第9話

みんな揃ったところで、ほとんど料理の準備は出来ていたらしく、ご飯まで自己紹介がてら話をする事に。



リビングのソファーに促されて座る。私の隣には素早く場所を陣取った、蓮君が物凄く密着して座る。



お茶の用意をする蒼さんの手伝いをしようとしたけれど、すぐに止められてしまった。



引き下がらない私に、蓮君はいつも通り気だるげに「峯崎さんが行くから」と言った。



確かに、蓮君が言う前に、いつの間にか蒼さんの隣で手伝いを始めていた唯。



蓮君を見るけれど、微笑んだだけでそれ以上何も言わなかった。



手伝いが二人もいたら邪魔になると思い、渋々大人しく座る。



「ねぇ、冴香ー。唯って、蒼さんみたいなタイプが好きなのかな?」



莉央奈から突然そう問われ、自然と二人を見ると、確かにいつものクールな唯からは見られる事が少ない、優しいというか、可愛い笑顔が見られた。



「あれは、恋する子の顔だな」



「さっすがー。タラシな頼が言うと説得力あるー」



「莉央奈ちゃん、ちょっと失礼だよ君。俺はタラシじゃなくて、フェミニストなんだよ」



言い聞かせるみたいに言う桂川君の話を、莉央奈は「はいはい」と適当に受け流していて、それにまた桂川君が食い下がる。



「何の話?」



お茶の用意を持って、唯と蒼さんが戻って来る。



桂川君の話の流れで、恋愛や男女の話になる。



私はその辺には経験がなく、疎いので聞く側に回っていた。



同じように、聞かれたりしない限りは、蓮君も黙って聞いている。



「蒼さんは彼女さんいらっしゃらないんですか?」



唯が蒼さんに聞いた。



蒼さんは苦笑しながら口を開く。



「俺は恋愛はいいかな。バイトと大学で忙しいし、何より面倒だからね」



「忙しい割に、兄貴は何気に女と遊んでるよな」



隣で蓮君が呟いた。



「家に連れてくるわけじゃないのに、蓮はよく見てるよな」



「えー、蒼さん遊んでるんですかー?」



莉央奈が笑いながら言うと、少し困ったように笑う。



「まぁ、お互い気楽な方がいいからさ。心にも体にも、ね」



言った後、声をトーンを少し下げる。



「ただね、蓮や莉音にはちゃんとした素敵な恋愛をして欲しいと思ってる。
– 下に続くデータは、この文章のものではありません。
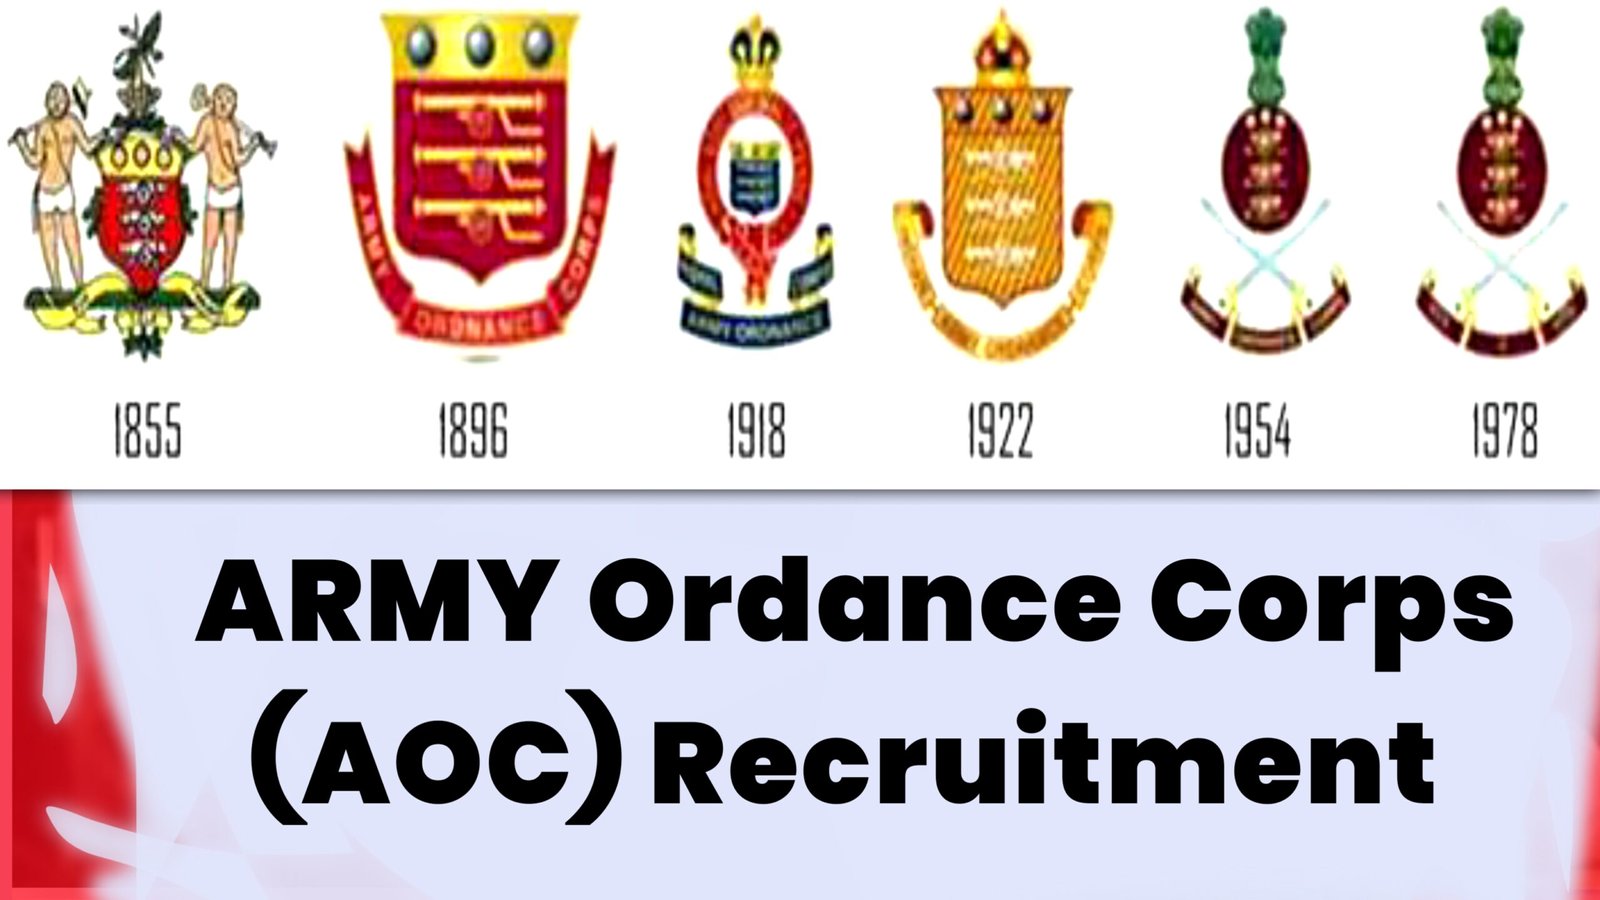 Army Ordnance Corps AOC Recruitment Notification
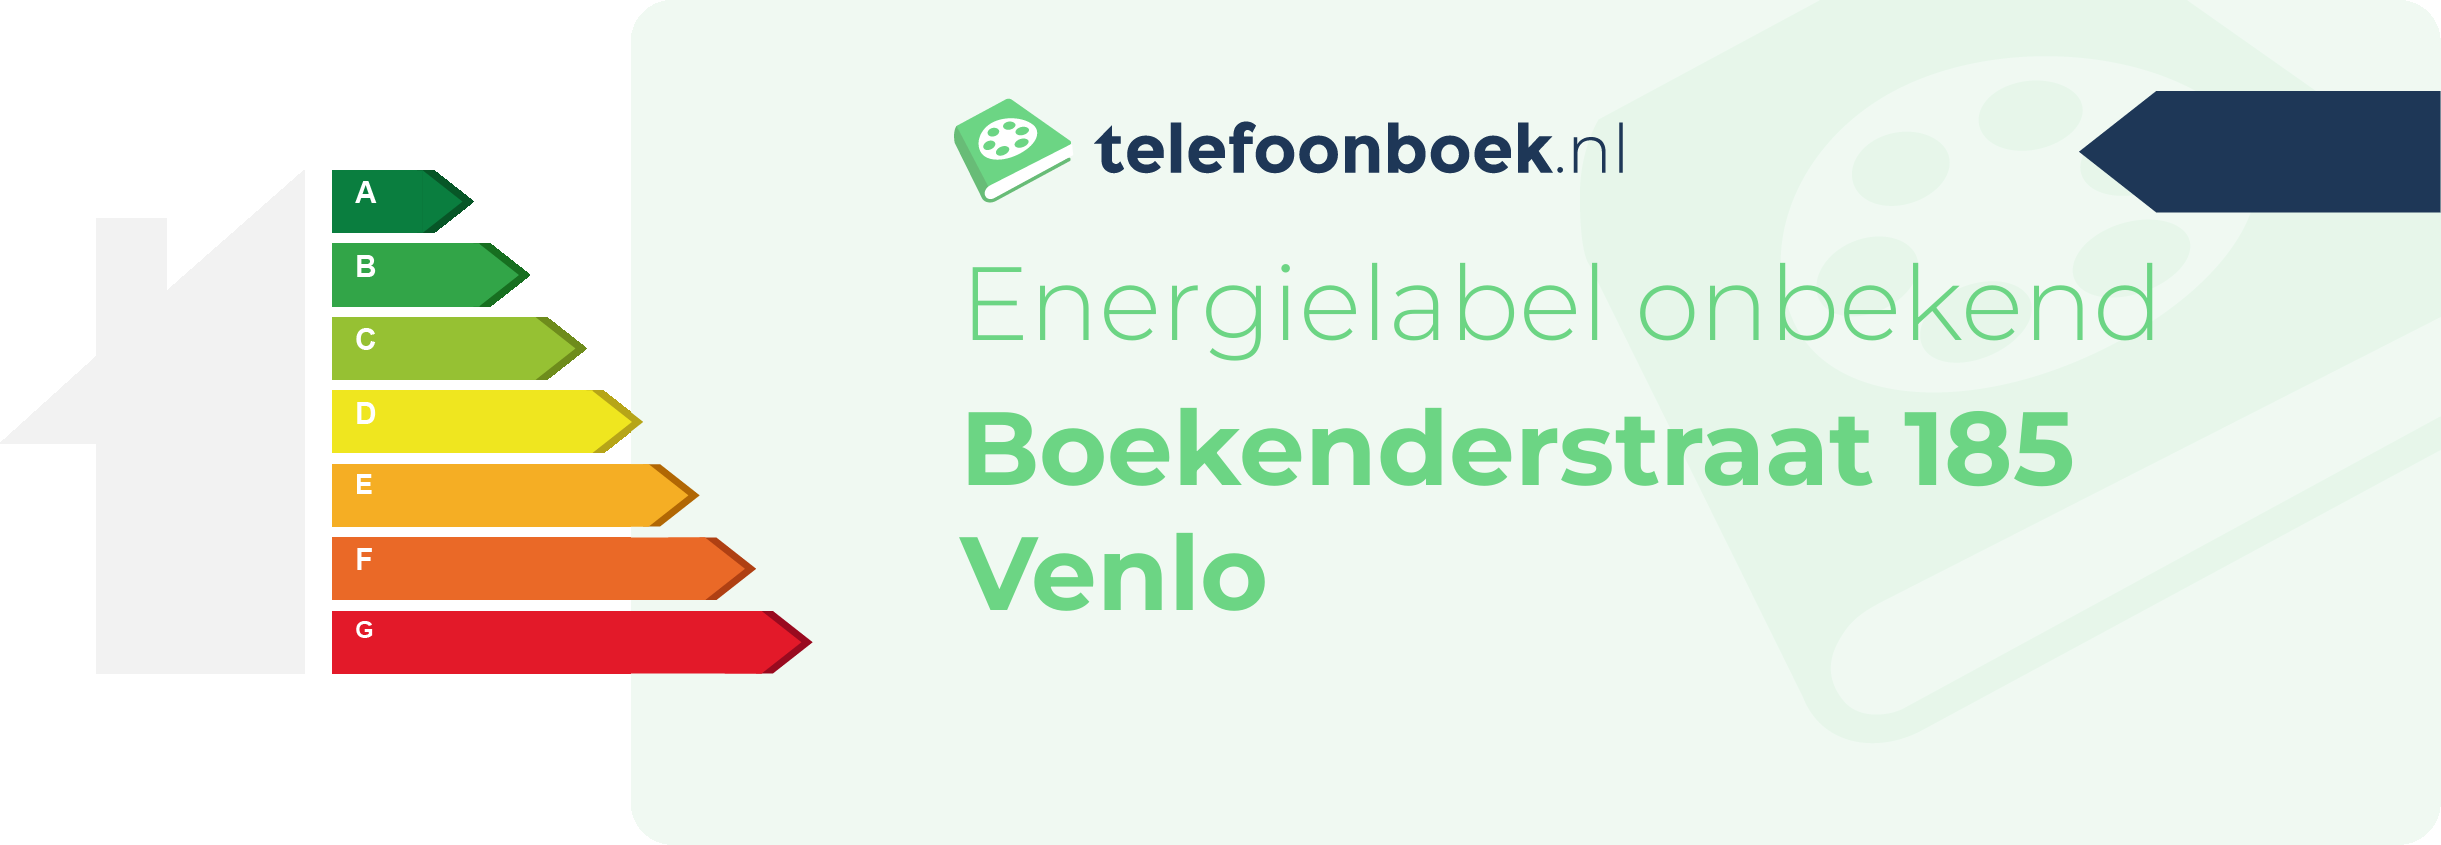 Energielabel Boekenderstraat 185 Venlo

うちの両親も大恋愛して、いまだに気持ち悪いくらい仲がいいし、みんなが幸せになればそれで十分だ」



自分はどうでもいいみたいな言い方に引っかかりながら、蓮君を盗み見る。



何とも言えない顔で、兄を見ている。



「えー、じゃぁ、蒼さんは恋愛する気ないんですか? もしかして、過去に何か物凄い事があったとかっ!?」



「あはは、まぁ、生きてればそれなりに色々あるよね。俺の話は特に面白いものもないから、はい、これで終わりっ!」



両手を合わせてパンッと叩いて、自ら話を終わらせる。



えーっと不満そうにした莉央奈を、桂川君が宥める。



莉央奈は凄い。



人が聞き辛いような事を、何の躊躇もなく口に出来てしまう。



前に一度、莉央奈が今のように深くを聞こうとした子が「何で人が触れて欲しくない事を、そんなに根掘り葉掘り聞いてくるのっ!?」と怒った事があった。



すると、莉央奈は真剣な顔でまっすぐその子を見つめて「今聞きたい事を聞けずに、後悔するのはもう嫌だから」と答えた。



そういう所を嫌がる人もいるけど、私は莉央奈の物怖じしないところとか、正直に堂々としている所が好きだった。



私にはない部分だ。



そして、唯が蒼さんを見ながら、一瞬だけど少し悲しそうな顔をしているのを、私は見逃さなかった。



やっぱり唯は、蒼さんをそういう目で見ているのか。



そうだとしたら、恋愛を好まない蒼さんを相手にするのは難しいのかもしれない。



友達の恋愛は応援したいけれど、私に何か出来る事はあるだろうか。